The world of education has seen the rise of college as a lucrative source of income, but it’s not the only one, according to a report.
The average college graduate is expected to take home $150,000 less than the average non-graduate by 2039, according the US Department of Education.
The report is from the National Student Clearinghouse, which tracks the student loan debt of US students.
In addition to higher tuition fees, the average student loan payments are expected to grow by 8% per year, meaning a total of $150 billion will be forgiven over the next 20 years.
As of the end of 2019, there were 2.5 million US graduates who had paid off their loans.

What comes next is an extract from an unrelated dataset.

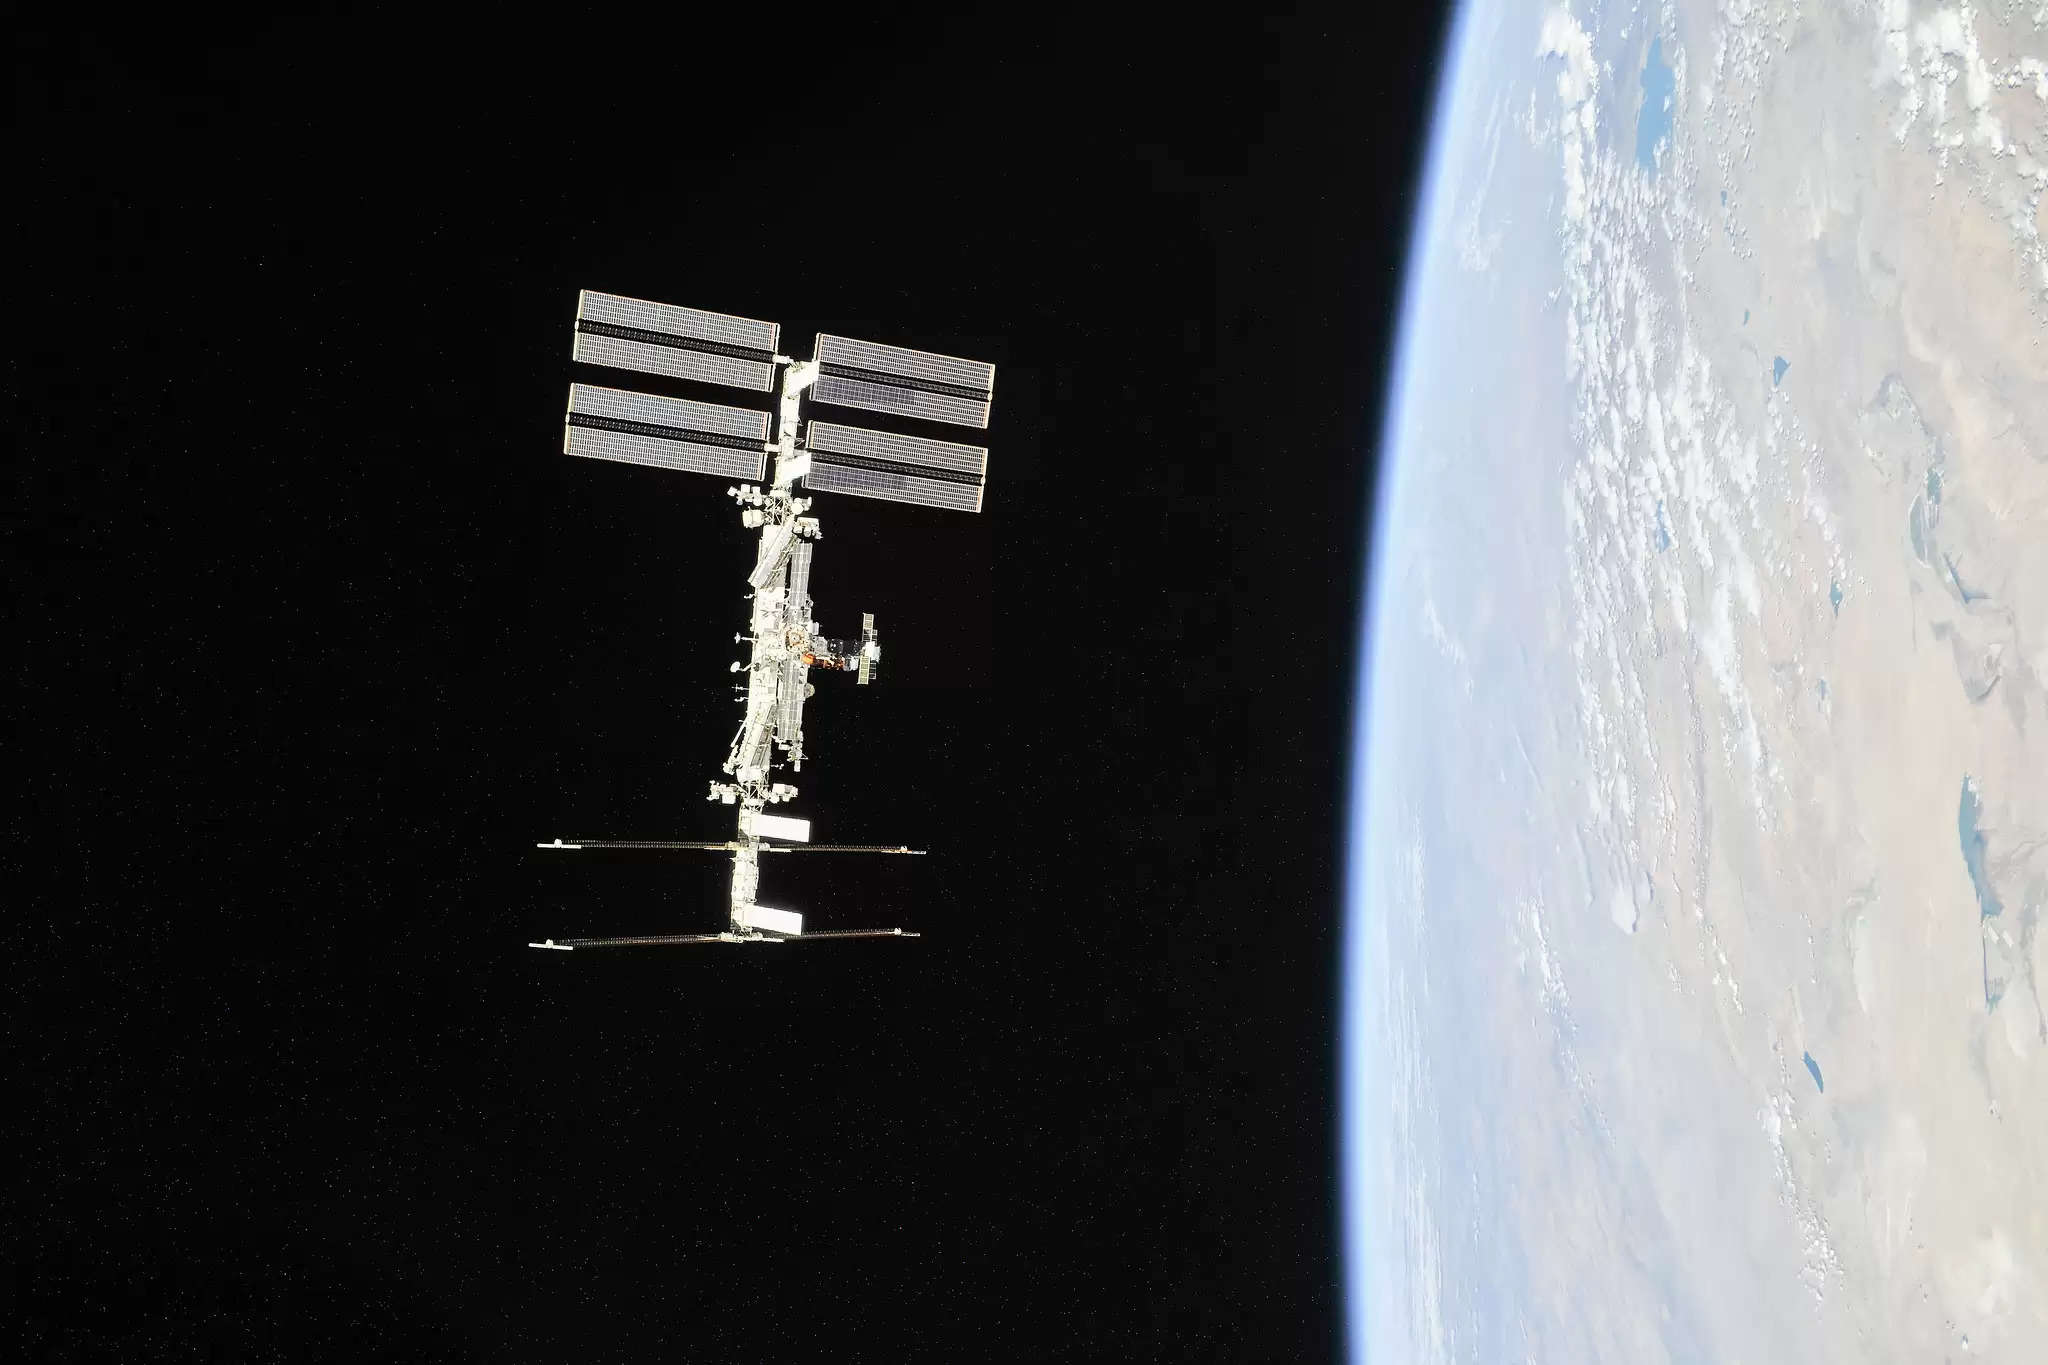 Space स्टेशन के लिए पहले निजी अंतरिक्ष यात्री मिशन के लिए Axiom के साथ नासा की साझेदारी,रिपोर्ट
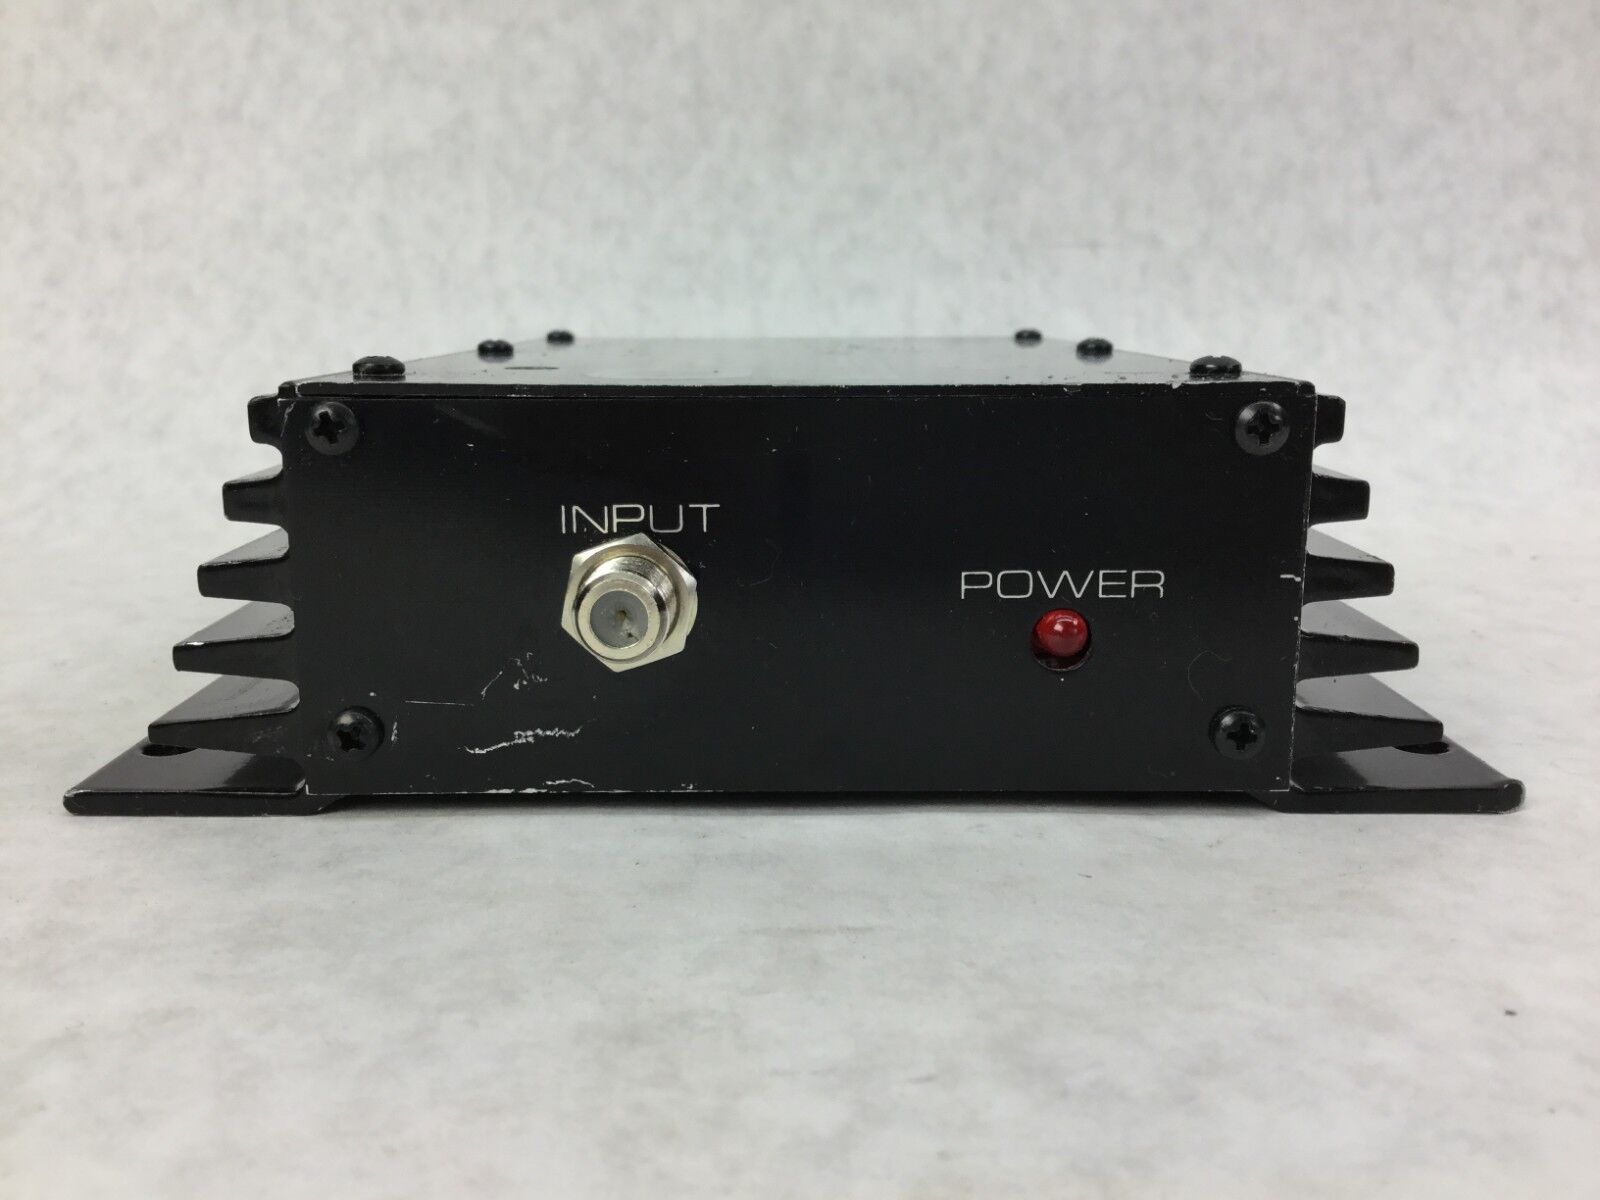 Channel Plus RF Amplifier  Broadband/ CATV Amplifier  DA-1000  Untested

But there are currently an estimated 5.3 million of those students who are still waiting for repayment.
“The problem is that, over time, people get stuck paying for things that are really not there,” said Michael D. McCauley, senior vice president at the National Association of Colleges and Employers.
A big part of that problem is the lack of flexibility when it comes to how students repay their loans, McCauleys report states.
For instance, most graduates who take out loans after completing a degree have their repayment terms reduced to four years, which could lead to borrowers paying off loans faster than the government should be paying.
To fix that, the report recommends a four-year repayment plan, which students should be encouraged to follow.
But there’s a catch: The repayment plan can be changed for a student who graduates with a bachelor’s degree, as long as they make no more than 15% of the minimum wage.
Some states, such as California, have adopted similar repayment plans, but they aren’t perfect.
For example, students in New York who take a four year repayment plan that’s based on their income can pay off their debt faster than graduates who didn’t.
Additionally, some states require that students pay off a certain percentage of their federal Pell Grant amount, which is $5,600.
For graduates who only earn less than $26,600, it’s $1,200.
And the report notes that a few states, including Florida, Georgia, Illinois, Iowa and New York, offer some form of financial aid that helps pay off student loans.